Although L’Oréal Fashion Week still doesn’t have the star power or glitterati of Milan or Paris, most of the presentations were packed with national media, buyers, as well as assorted fashion students and aficionados.

The seating process was much more oganized than years past, and shows more or less ran on schedule without technical difficulty or theatrics.

The alumni collections from Arthur Mendonca, David Dixon and Joeffer Caoc were beautiful. Mendonca’s collection featured smart cotton shirt-dresses alongside slinky jersey gowns, and the colours ranged from crisp whites to understated neutrals. But there was nothing understated about the chic clothes, well-merchandised to wardrobe for work and play with just a hint of casual sexiness thrown in.
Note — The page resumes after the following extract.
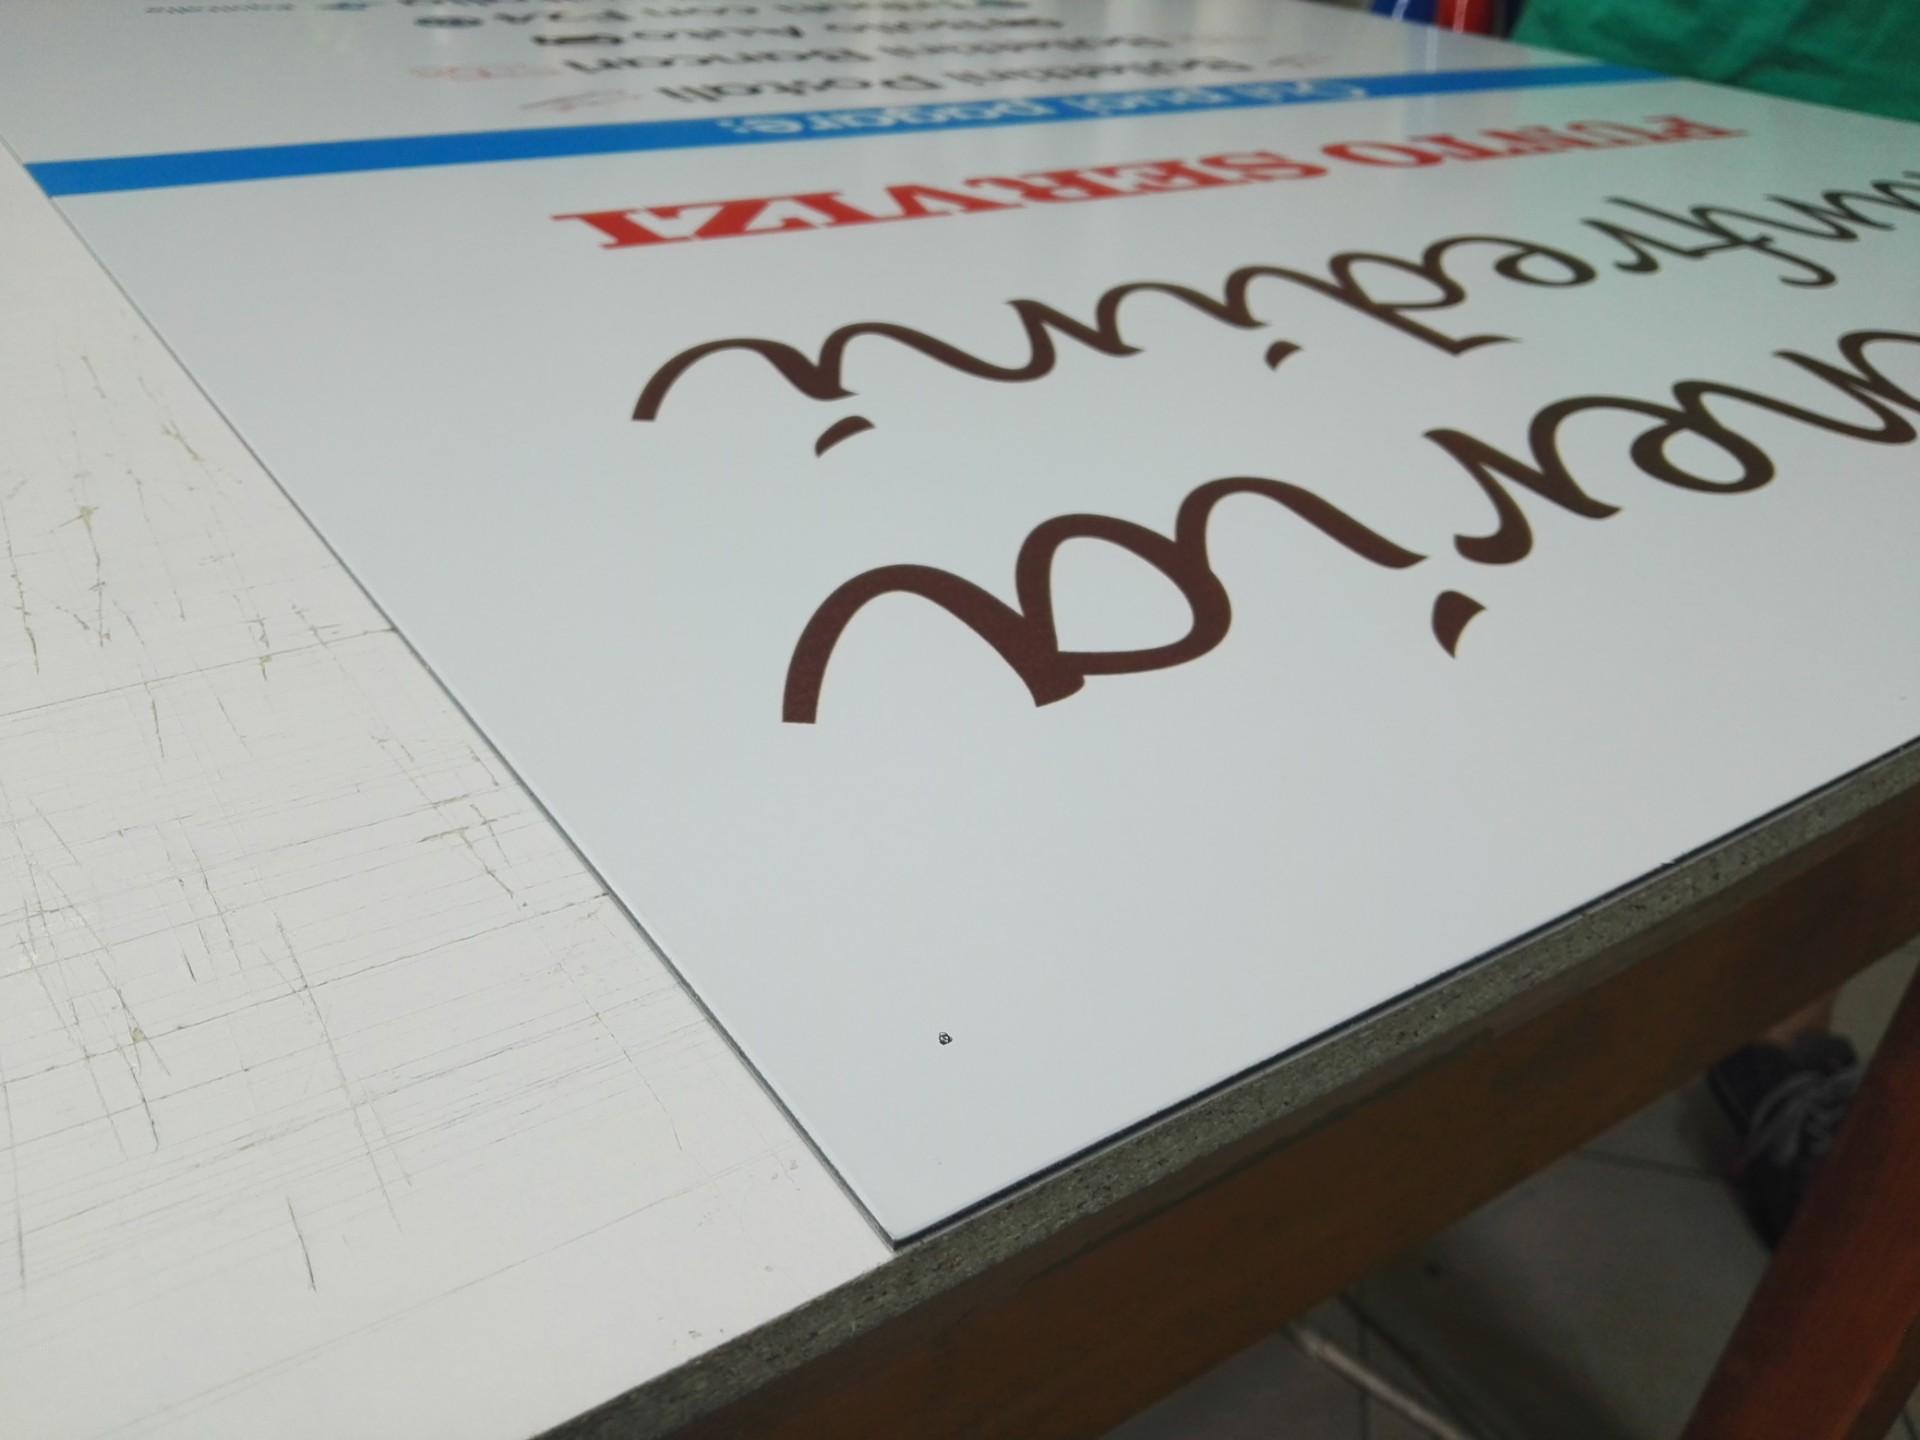 Personalizzazione cartelloni attività commerciali a Brescia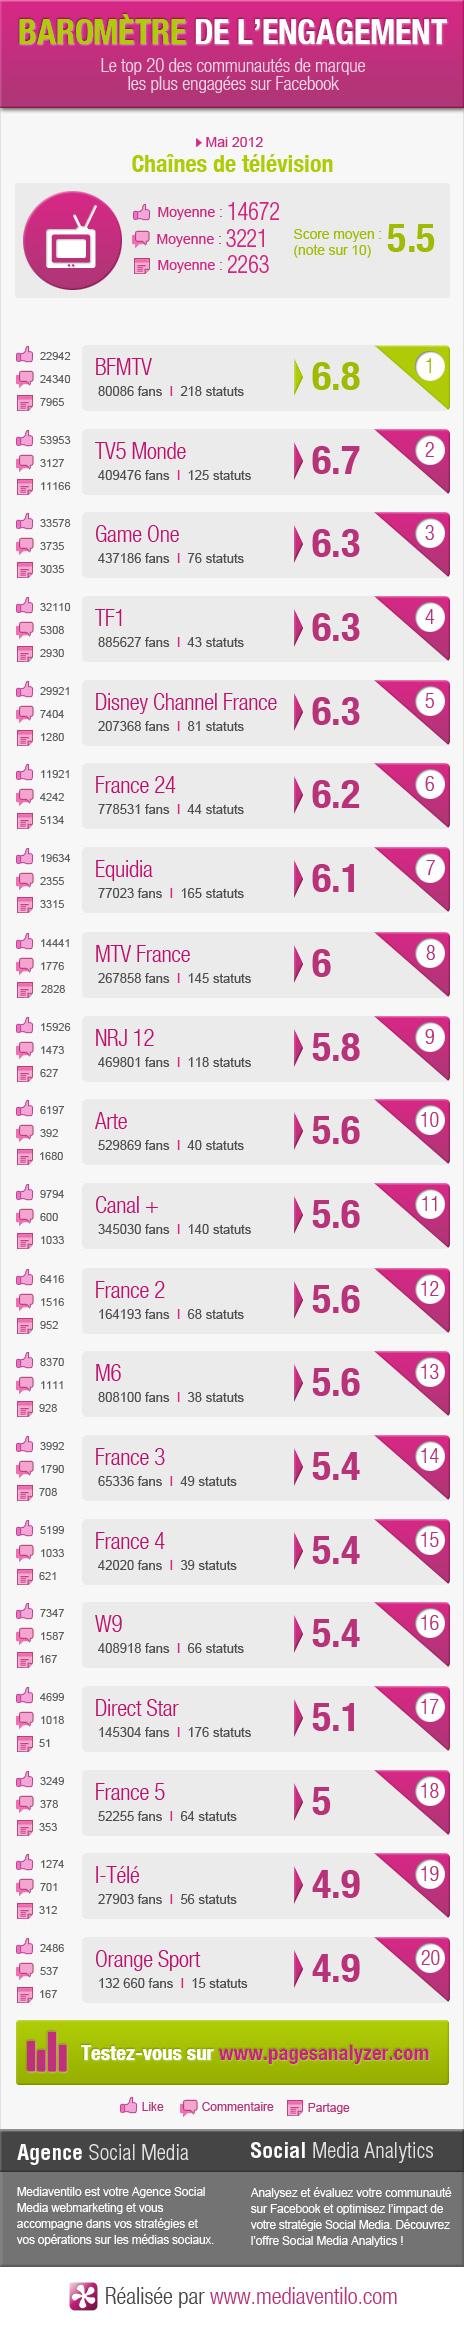 barometre engagement chaine television2 Baromètre de l'engagement : pages Facebook des chaînes de télévision

David Dixon dedicated his “Reunion” collection to his recently deceased mother Patricia, and his inspiration for Spring was the sepia-toned photographs of his parents. Designed for a more sophisticated clientele, the black, white and cream coloured collection featured luxurious eyelet and embroidered fabrics and his trademark razor-sharp tailoring.

Joeffer Caoc’s 1980s-inspired collection was more romantic, with layers of tulle, silk lamé and velvet coming together to form breezy dresses and tunics that will work for both day and eveningwear. Joeffer also showed easy jersey tops and tailored shorts for evening.

However, all collections and presentations were uniformly safe. No envelopes were pushed. Innovations were aesthetic and topical, rather than fundamental.

These gentlemen, all stars of the Canadian fashion scene, absorbed the School of Fashion’s emphasis on the importance of target markets, merchandise assortments, and functionality almost too well. The results made for boring showmanship but excellent, wearable collections.

Of course, it must be noted that unlike their American and European counterparts, most Canadian designers don’t have the financial backing, perfume businesses, clothing franchises or accessory collections to support risk-taking.

In Canada, there is less room for theatrics and buyers are out for beautiful and practical clothes, not a spectacular event featuring clothing that can’t sell.

The typical Canadian consumer of designer frocks is likely to be both fun and conservative.

I noted the benefits and drawbacks of our design program and the Canadian fashion system in general.

I realized that in Canada fashion shows are a part of the business of fashion, rather than the spectacle of it. And there’s nothing wrong with that.